About the annotations

The annotations in the THYME Corpus were created by annotators and adjudicators at the University of Colorado at Boulder, as well as at Boston's Harvard Children's Medical Center. There are three different annotation types in our corpus.

THYME Temporal Entity and Relation Annotations

These annotations label spans as EVENTs, TIMEX3s, DOCTIME or SECTIONTIME, and then link them temporally using TLINKs and ALINKs. Our annotation schema is derived from ISO-TimeML, with variations as described in Temporal Annotation in the Clinical Domain, and is fully described in The THYME Annotation Guidelines.

For Clinical (_CLIN) and Radiology (_RAD) notes in both corpora, the Gold Standard notes have been double-annotated for temporal entities (EVENT, TIMEX3, DOCTIME,SECTIONTIME), adjudicated, and then double-annotated for relations (TLINK, ALINK) and adjudicated. Thus, the [docname].Temporal-Relation.gold.completed.xml files for clinical and radiology notes are fully annotated according to the THYME schema.

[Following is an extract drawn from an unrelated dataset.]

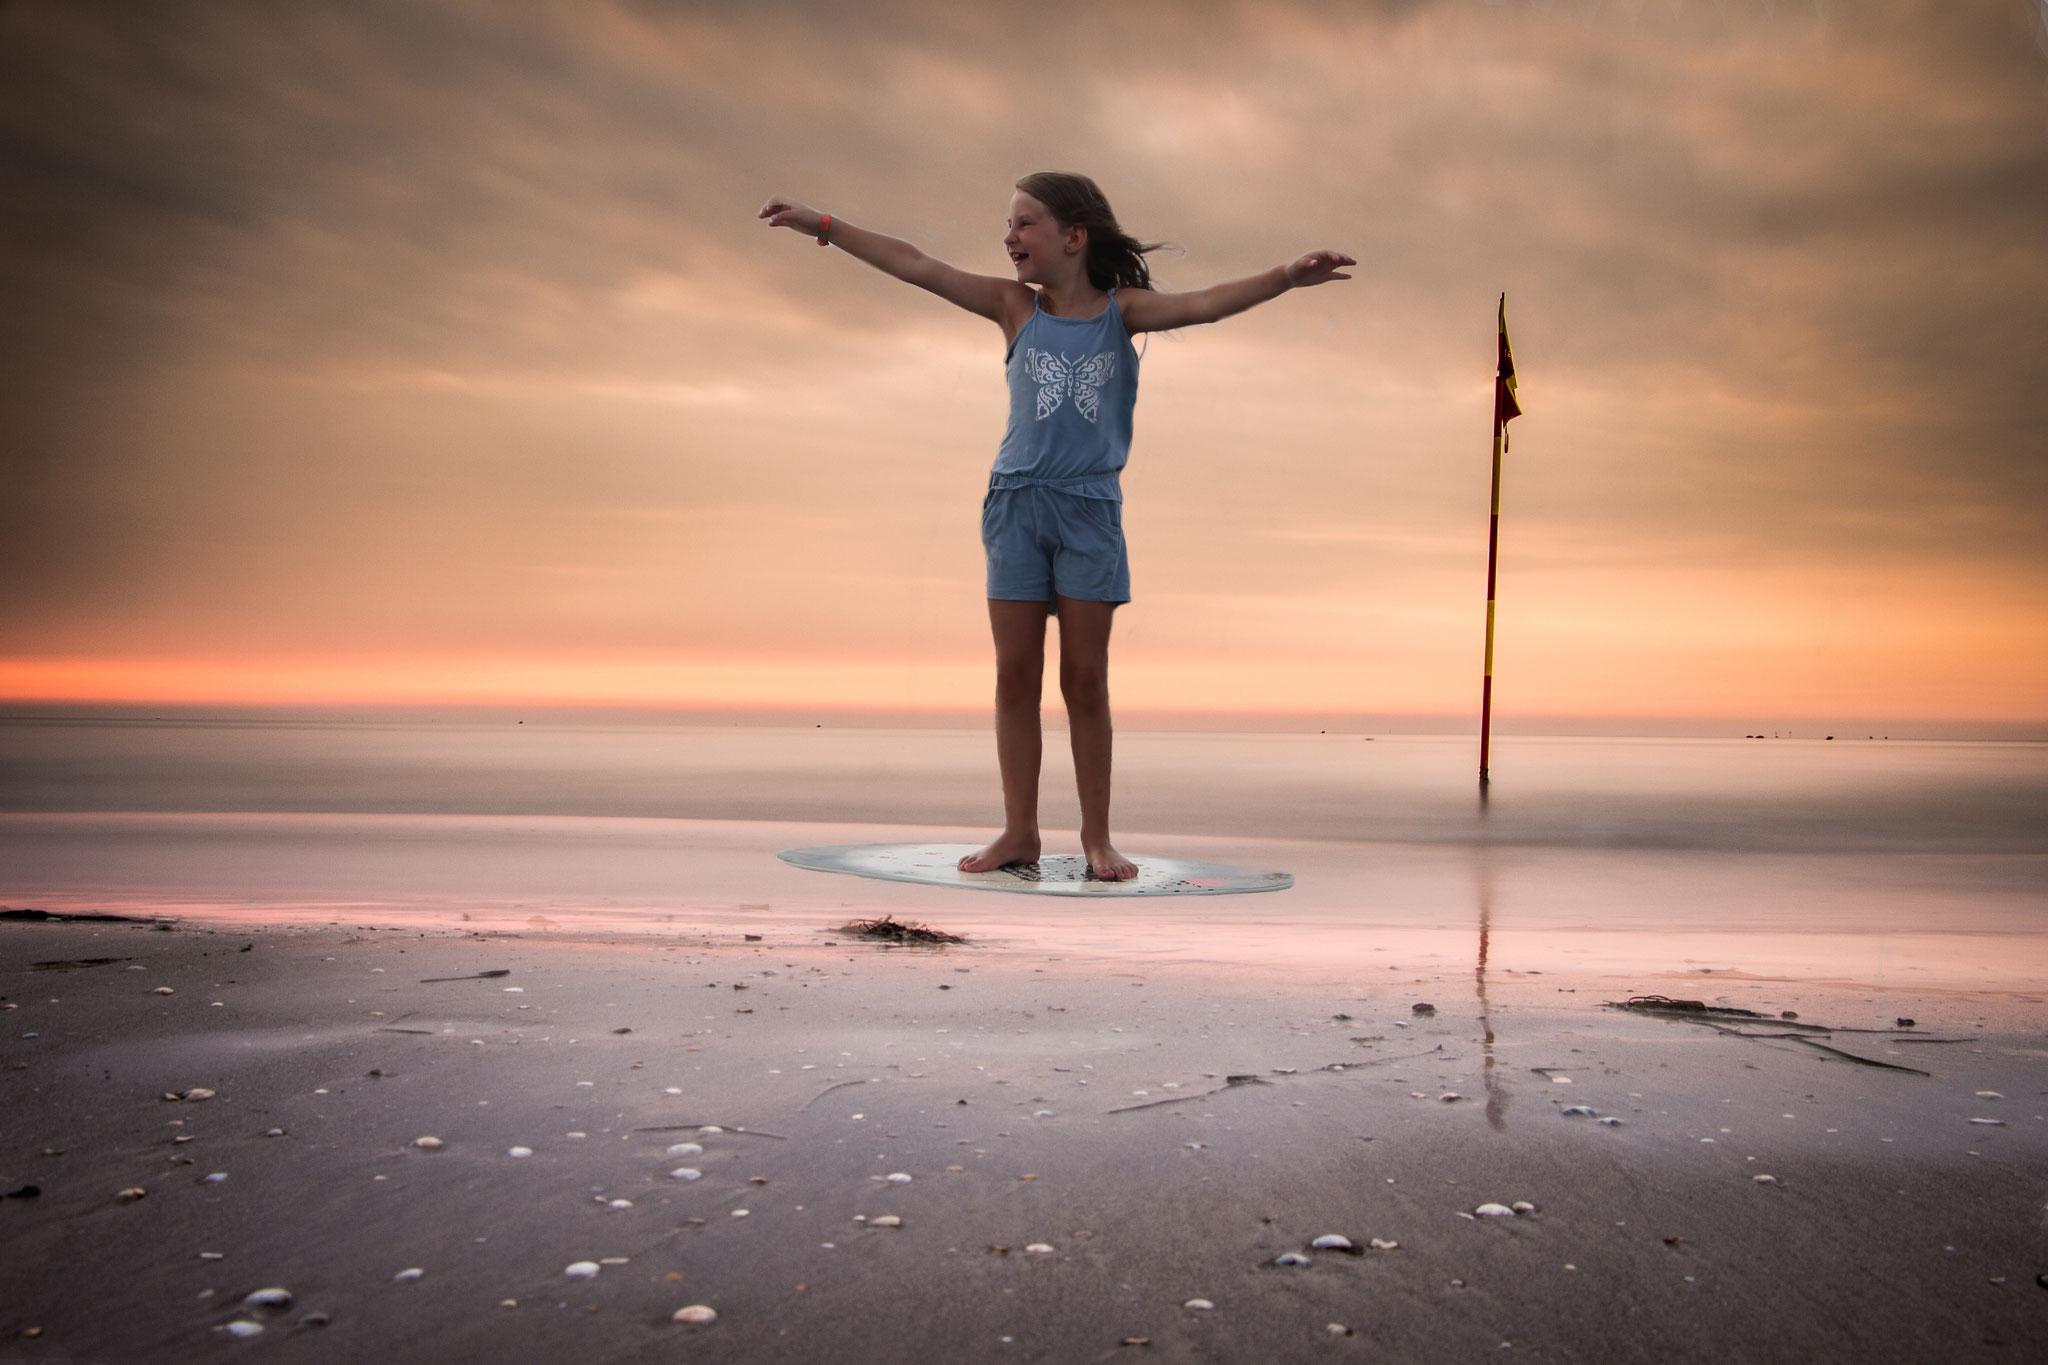 Samia als Surfer

The Pathology (_PATH) notes, because of their temporally-sparse nature, were not given later relations annotation. Thus, the [docname].Temporal-Entity.gold.completed.xml files only provide information about temporal entities. Absence of relations does not imply lack of relations in these notes.

Coreference Annotations

In addition, for some of the notes within the Colon Cancer corpus, we will have adjudicated Coreference Annotations posted, serving to mark Anaphora throughout the document, alongside a limited number of bridging relations (like SET/SUBSET or PART/WHOLE).

Not all documents have been double-annotated and adjudicated for Coreference. For those that do have Coreference Annotations, [docname].Coreference.gold.completed.xml is adjudicated gold-standard coreference data.

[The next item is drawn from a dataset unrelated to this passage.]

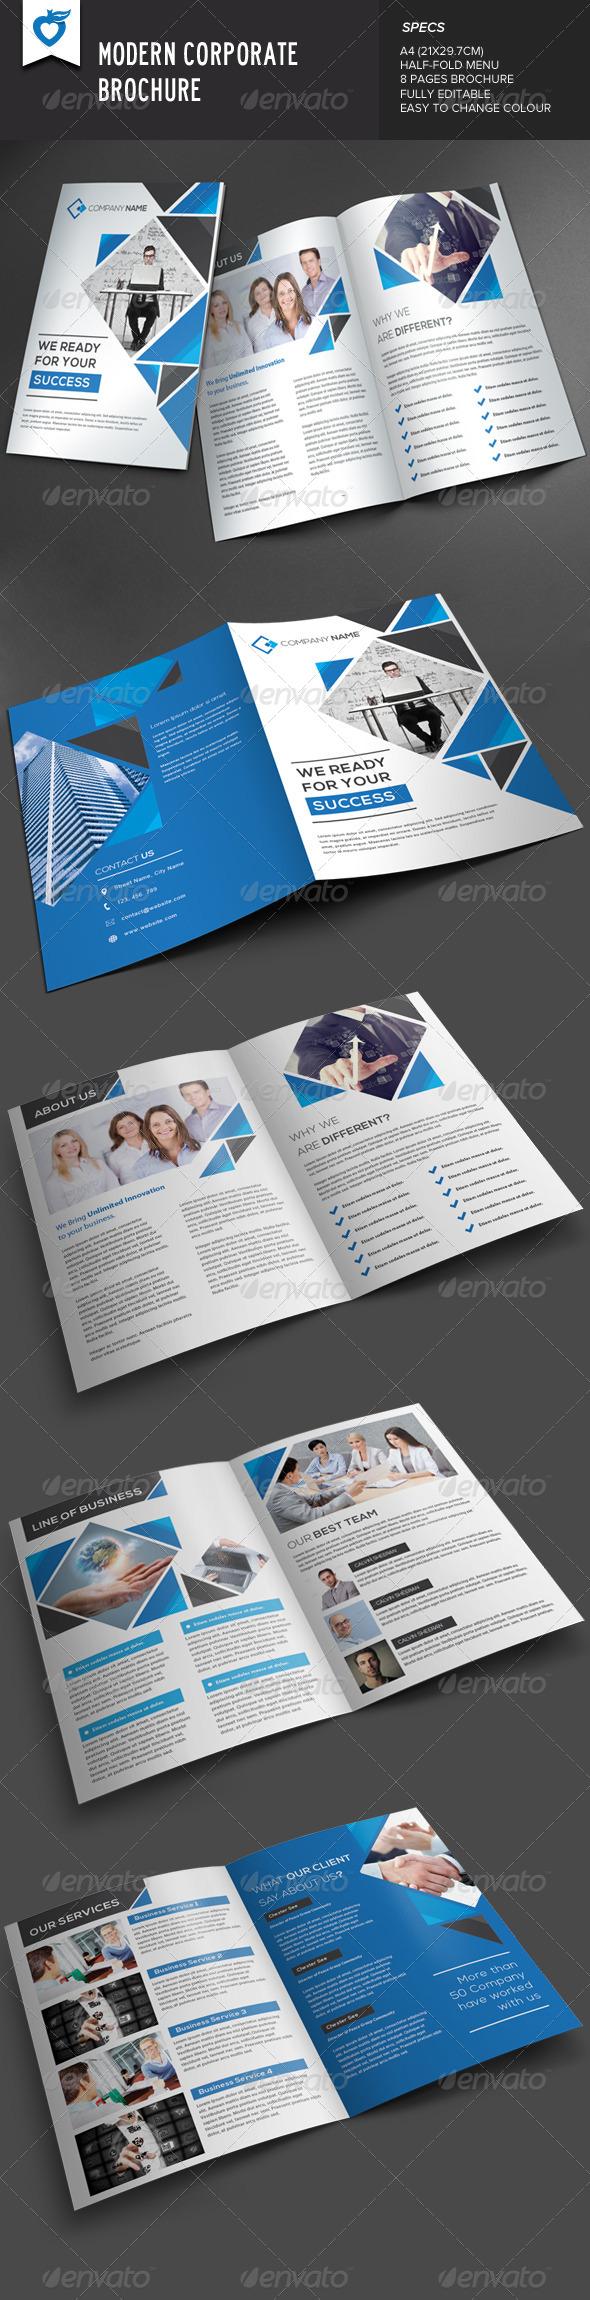 GraphicRiver Modern Corporate Brochure v2 8091790

UMLS Named Entity Annotations

Finally, a subset of the notes will have UMLS Named Entity tags assigned as well, in a separate XML file. These tags mark clinical entities and events with their UMLS semantic groups ("hemicolectomy" is marked as a 'procedure', and "fever" is a 'sign/symptom'). Due to limitations in manpower, only a small portion of the corpus was fully annotated for UMLS entities. For those that do have Coreference Annotations, [docname].UMLS-Entity.gold.completed.xml is adjudicated gold-standard coreference data.

Annotation Format

All data are provided in the AnaforaXML format, created by (and designed to be read in) the Anafora Annotation Tool. The XML data format aims to be both easily human-readable and easy-to-use, and contains no source text (allowing the free distribution of annotations).

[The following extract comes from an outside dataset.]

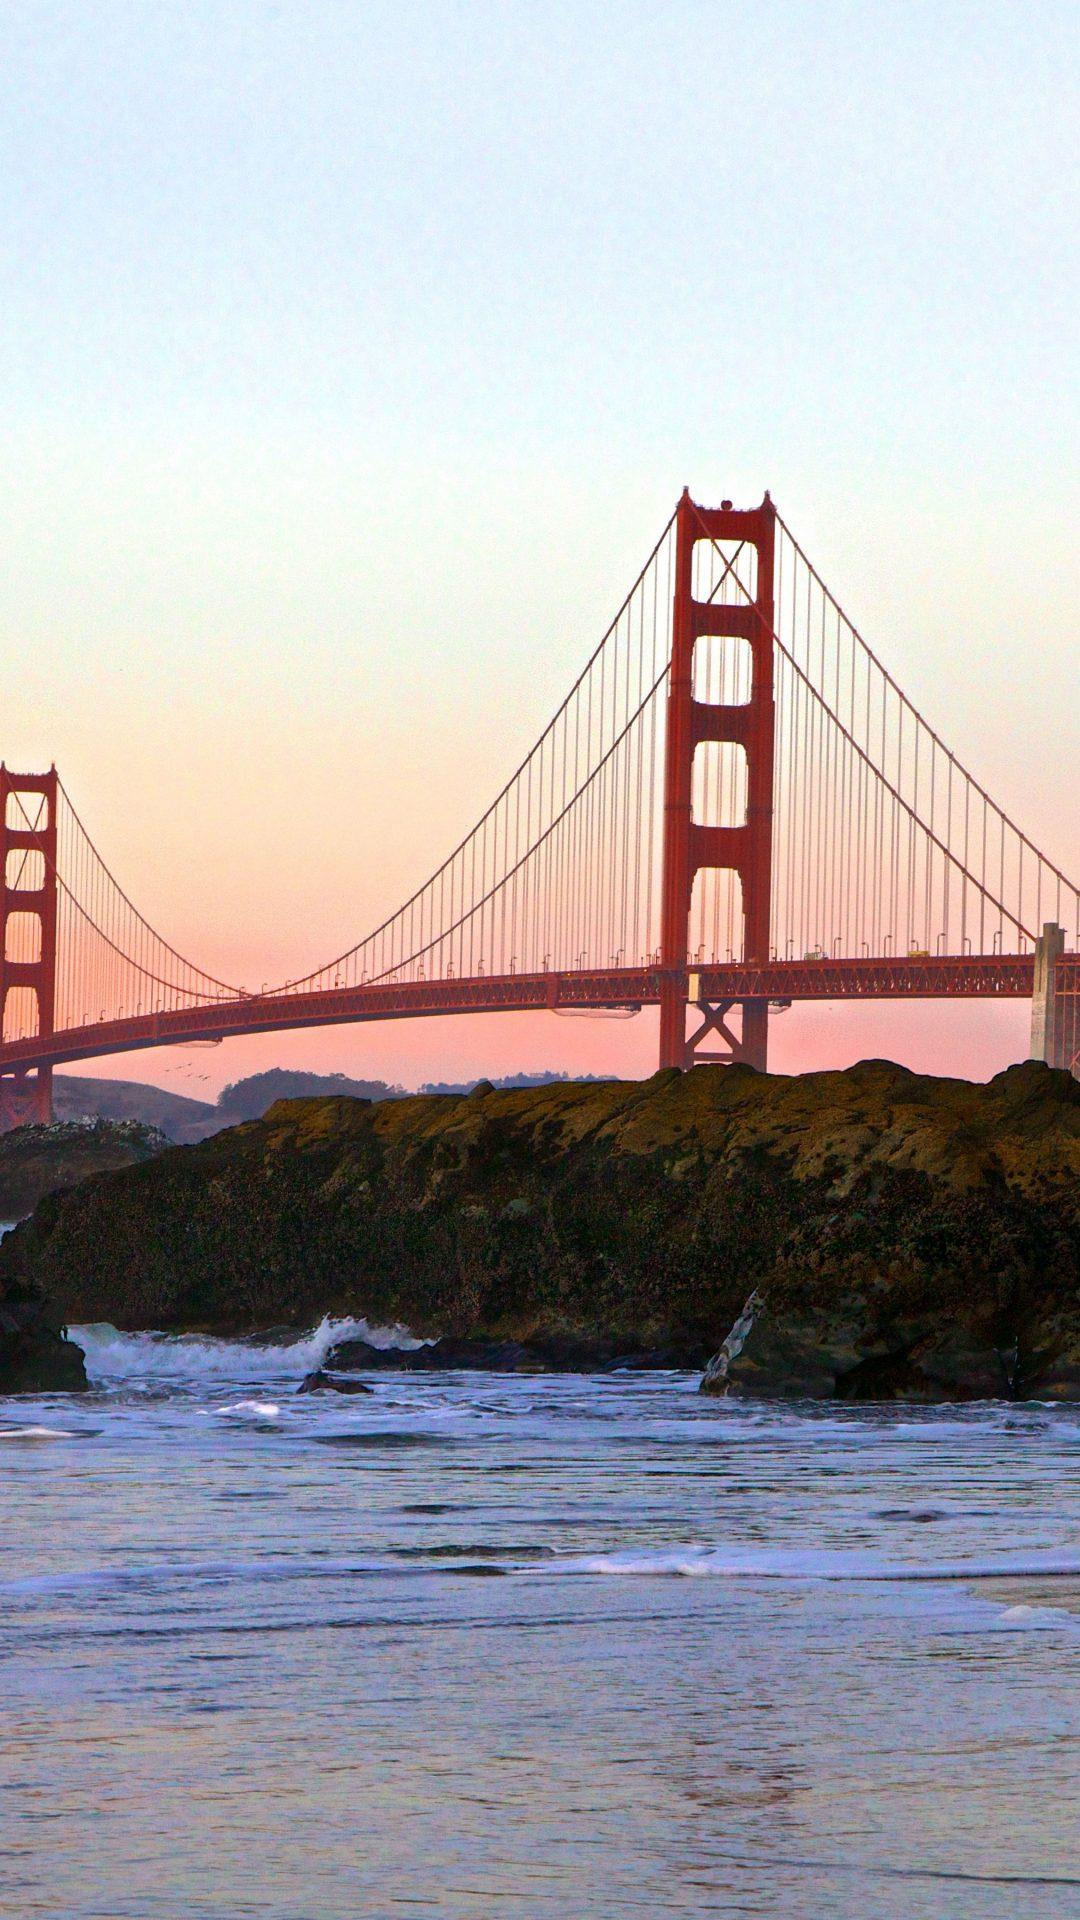 Golden Gate Bridge Usa 5k Uhd Wallpaper

Each XML file should be read with its labeled source text file (so doc0002_CLIN.Temporal-Relation.gold.completed.xml would be read with the source file doc0002_CLIN).

Line Endings

Because all annotations are stored as offsets, you must be extremely careful not to modify the source text in any way. The most common source of error comes from Windows machines changing the Unix line endings to Windows line endings when opening or unzipping the source files. For this reason, we recommend the use of 7-zip for unzipping the source files on Windows machines, and the careful handling of those source files during any time they may spend outside of a *nix system.